This invention is directed generally to turbine airfoils, and more particularly to cooling systems in hollow turbine airfoils.
Typically, gas turbine engines include a compressor for compressing air, a combustor for mixing the compressed air with fuel and igniting the mixture, and a turbine blade assembly for producing power. Combustors often operate at high temperatures that may exceed 2,500 degrees Fahrenheit. Typical turbine combustor configurations expose turbine blade assemblies and turbine vanes to these high temperatures. As a result, turbine airfoils must be made of materials capable of withstanding such high temperatures. In addition, turbine airfoils often contain cooling systems for prolonging the life of the turbine airfoils and reducing the likelihood of failure as a result of excessive temperatures.
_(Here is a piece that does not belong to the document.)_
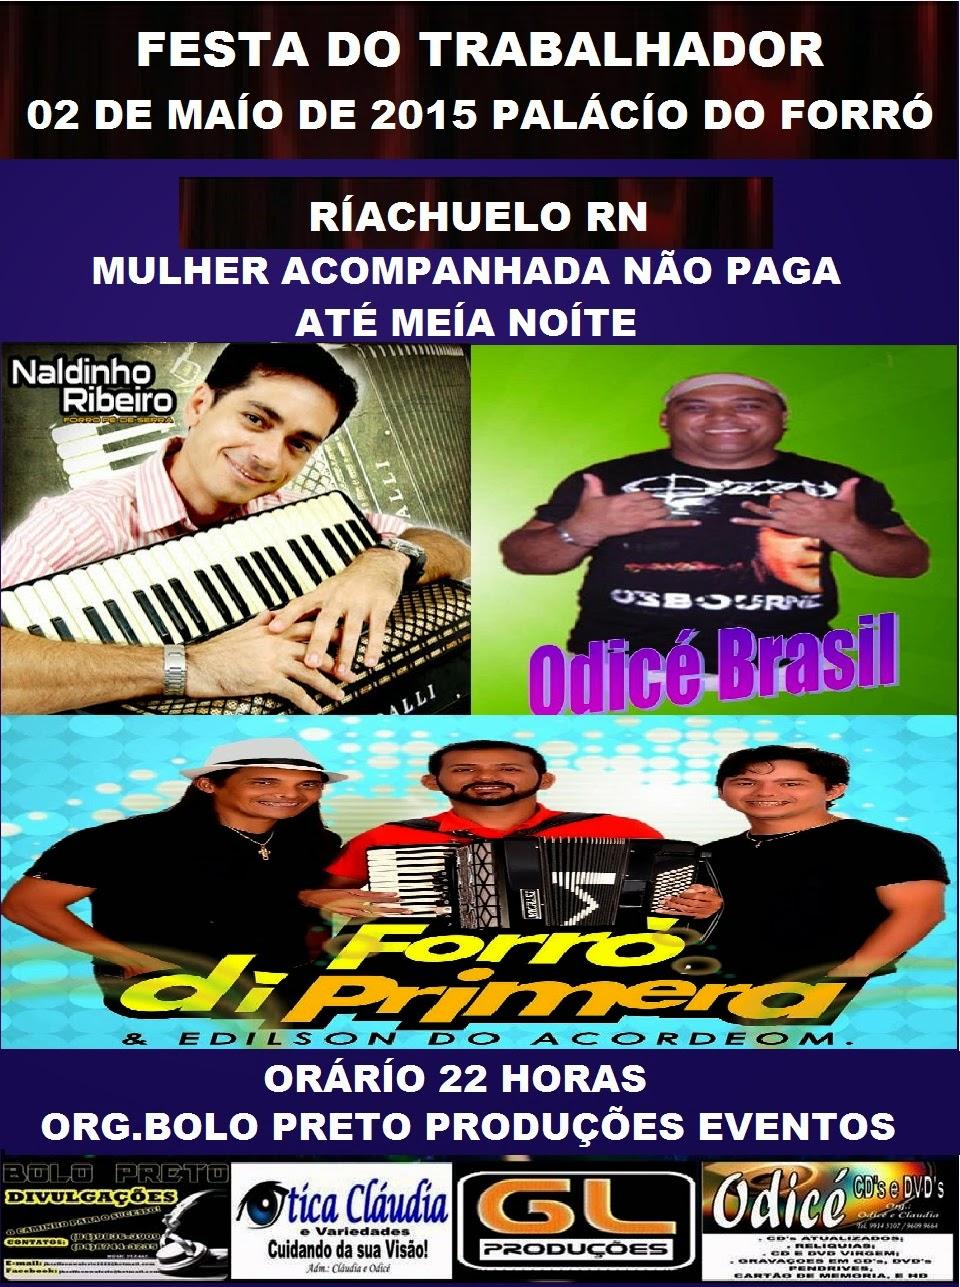 FESTA DO TRABALHADOR RIACHUELO RN.

Typically, turbine airfoils contain an intricate maze of cooling channels forming a cooling system. Turbine airfoils include turbine blades and turbine vanes. Turbine blades are formed from a root portion having a platform at one end and an elongated portion forming a blade that extends outwardly from the platform coupled to the root portion. The blade is ordinarily composed of a tip opposite the root section, a leading edge, and a trailing edge. Turbine vanes have a similar configuration except that a radially outer and is attached to a shroud and a radially inner end meshes with a rotatable rotor assembly. The cooling channels in a turbine airfoil receive air from the compressor of the turbine engine and pass the air through the airfoil. The cooling channels often include multiple flow paths that are designed to maintain all aspects of the turbine airfoil at a relatively uniform temperature. However, centrifugal forces and air flow at boundary layers often prevent some areas of the turbine airfoil from being adequately cooled, which results in the formation of localized hot spots. Localized hot spots, depending on their location, can reduce the useful life of a turbine airfoil and can damage a turbine blade to an extent necessitating replacement of the airfoil.
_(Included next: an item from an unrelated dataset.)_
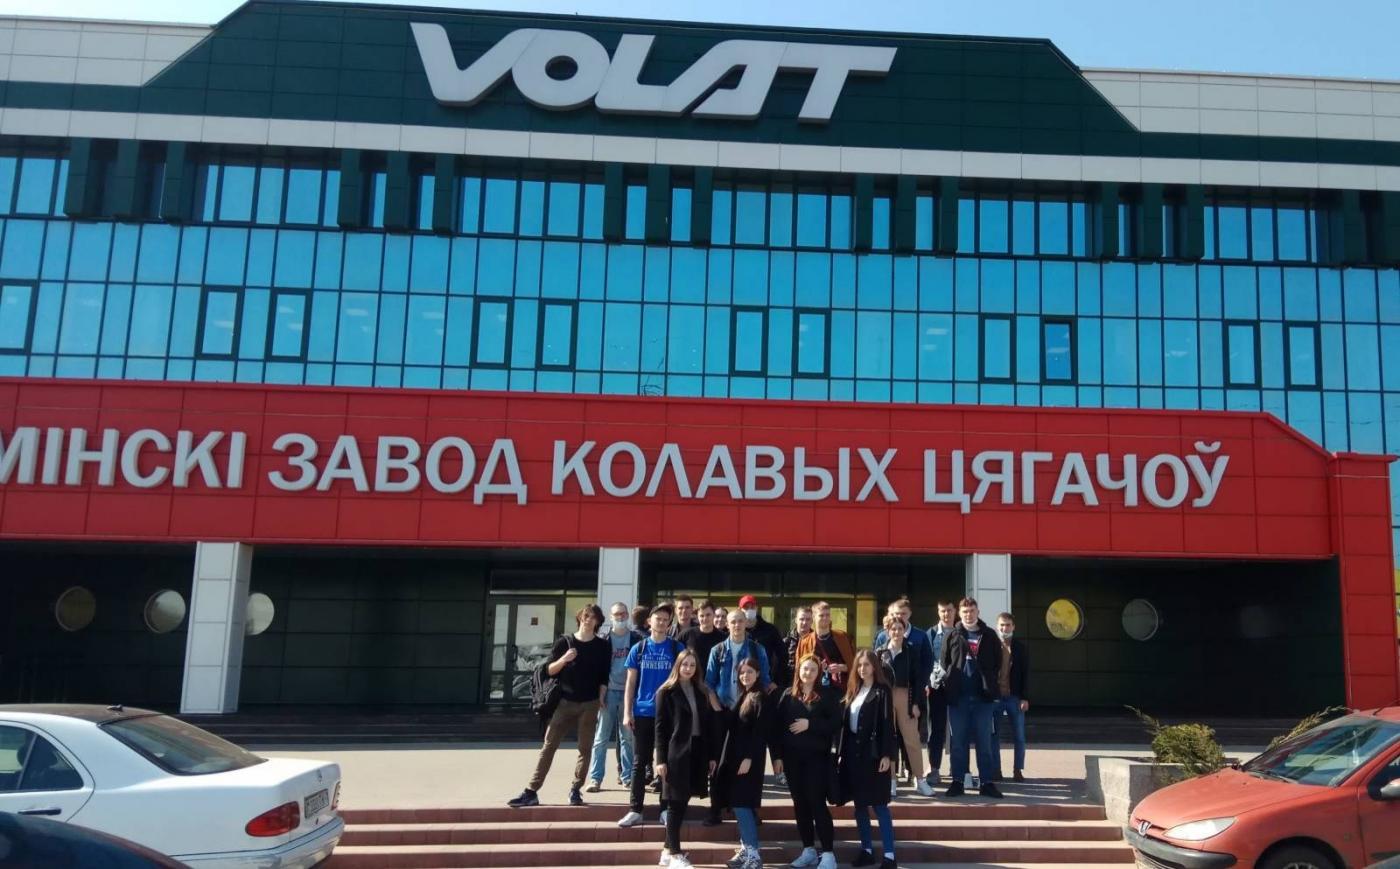 Студенты факультета горного дела и инженерной экологии посетили VOLAT – флагмана отечественного машиностроения

In one conventional cooling system, diffusion orifices have been used in outer walls of turbine airfoils. Typically, the diffusion orifices are aligned with a metering orifices that extends through the outer wall to provide sufficient cooling to turbine airfoils. The objective of the diffusion orifices is to reduce the velocity of the cooling fluids to create an effective film cooling layer. Nonetheless, many conventional diffusion orifices are configured such that cooling fluids are exhausted and mix with the hot gas path and become ineffective.
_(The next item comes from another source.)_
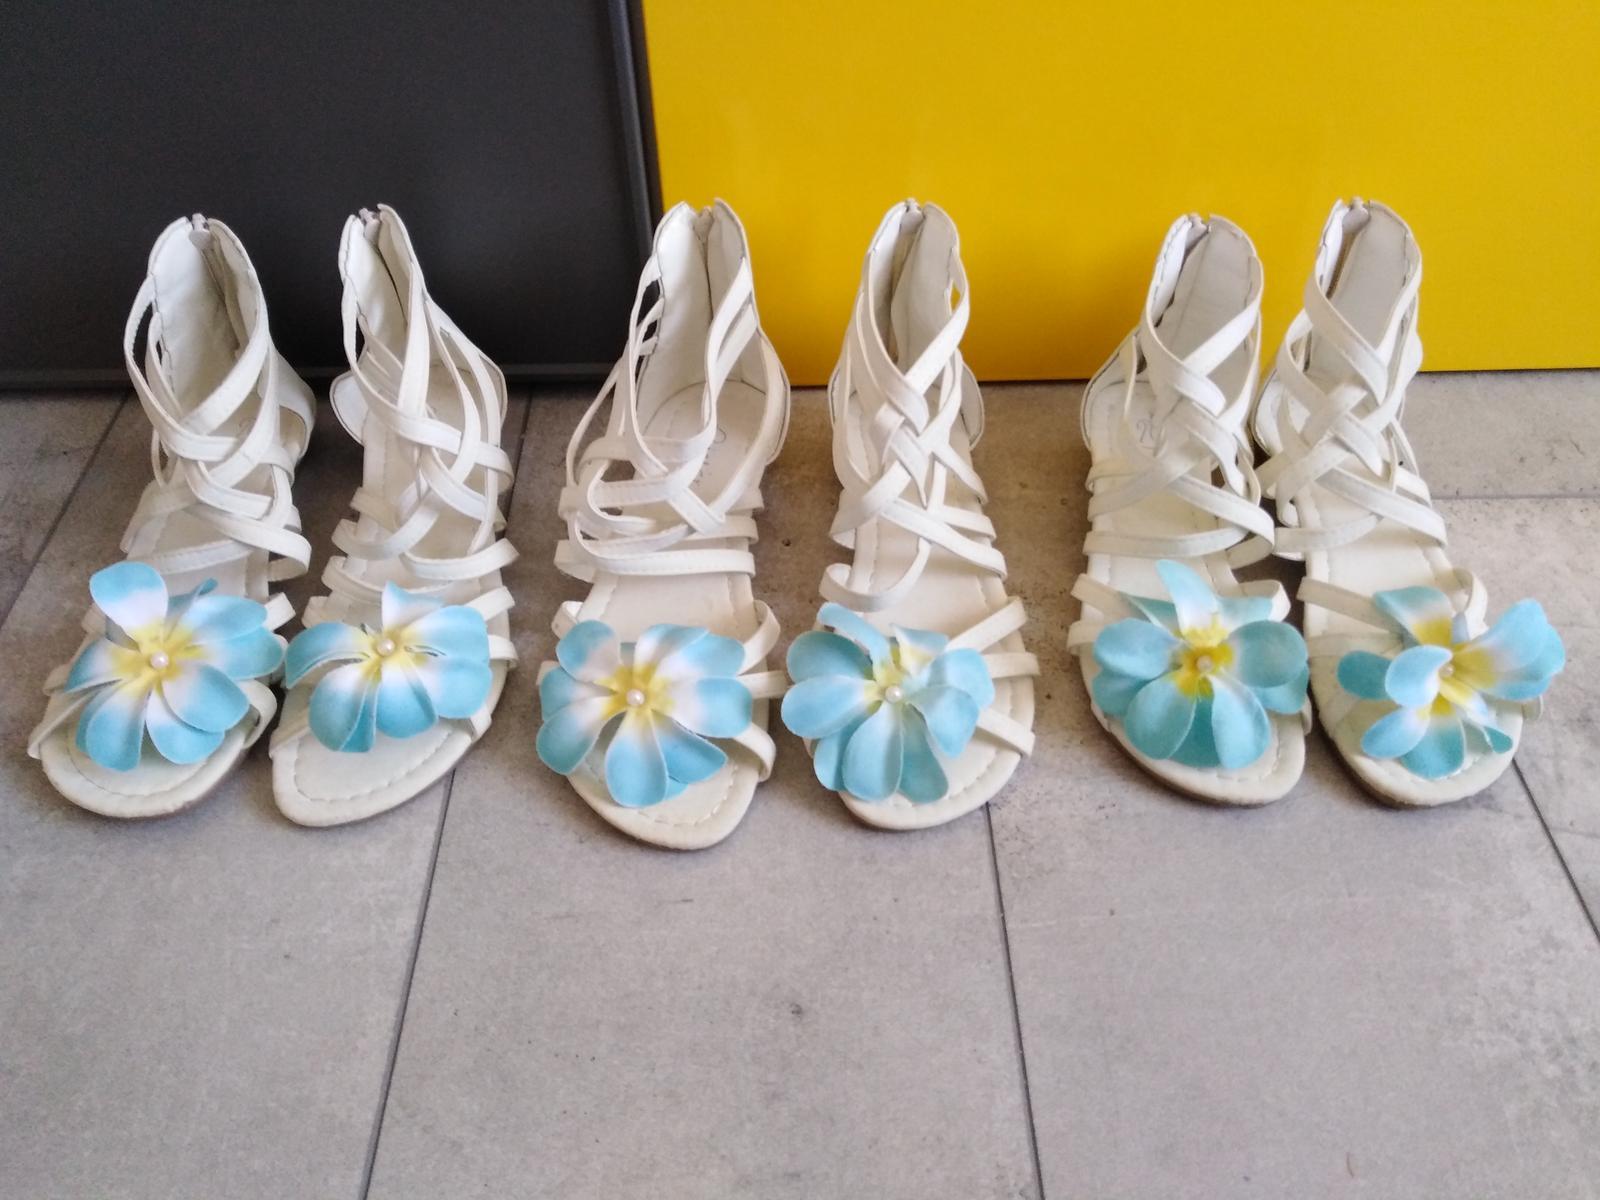 Dívčí boty na svatbu - Obrázek č. 2

This invention relates to a turbine airfoil cooling system for a turbine airfoil used in turbine engines. In particular, the turbine airfoil cooling system is directed to a cooling system having an internal cavity positioned between outer walls forming a housing of the turbine airfoil. The cooling system may include a diffusion film cooling hole in the outer wall that may be adapted to receive cooling fluids from the internal cavity, meter the flow of cooling fluids through the diffusion film cooling hole, and release the cooling fluids into a film cooling layer proximate to an outer surface of the airfoil. The diffusion film cooling hole may allow cooling fluids to diffuse to create better film coverage and yield better cooling of the turbine airfoil.
The turbine airfoil may be formed from a generally elongated airfoil having a leading edge, a trailing edge and at least one cavity forming a cooling system in the airfoil. An outer wall forming the generally elongated airfoil may have at least one diffusion film cooling hole positioned in the outer wall and providing a cooling fluid pathway between the at least one cavity forming the cooling system and an environment outside of the airfoil. The diffusion film cooling hole may include a first section extending from an inner surface of the outer wall into the outer wall, a second section extending the first section and terminating before an outer surface of the outer wall, and a third section extending from the second section and at the outer surface of the outer wall. At least one surface defining the second section may extend outwardly from an intersection of the first and second sections towards the third section such that the at least one surface is angled way from a longitudinal axis of the at least one diffusion film cooling hole thereby increasing a size of a cross-sectional area of the second section. In addition, at least one surface defining the third section may extend outwardly from an intersection of the second and third sections towards the outer surface of the outer wall such that the at least one surface may be angled way from the longitudinal axis more than the at least one sidewall forming the second section thereby increasing a size of a cross-sectional area of the third section.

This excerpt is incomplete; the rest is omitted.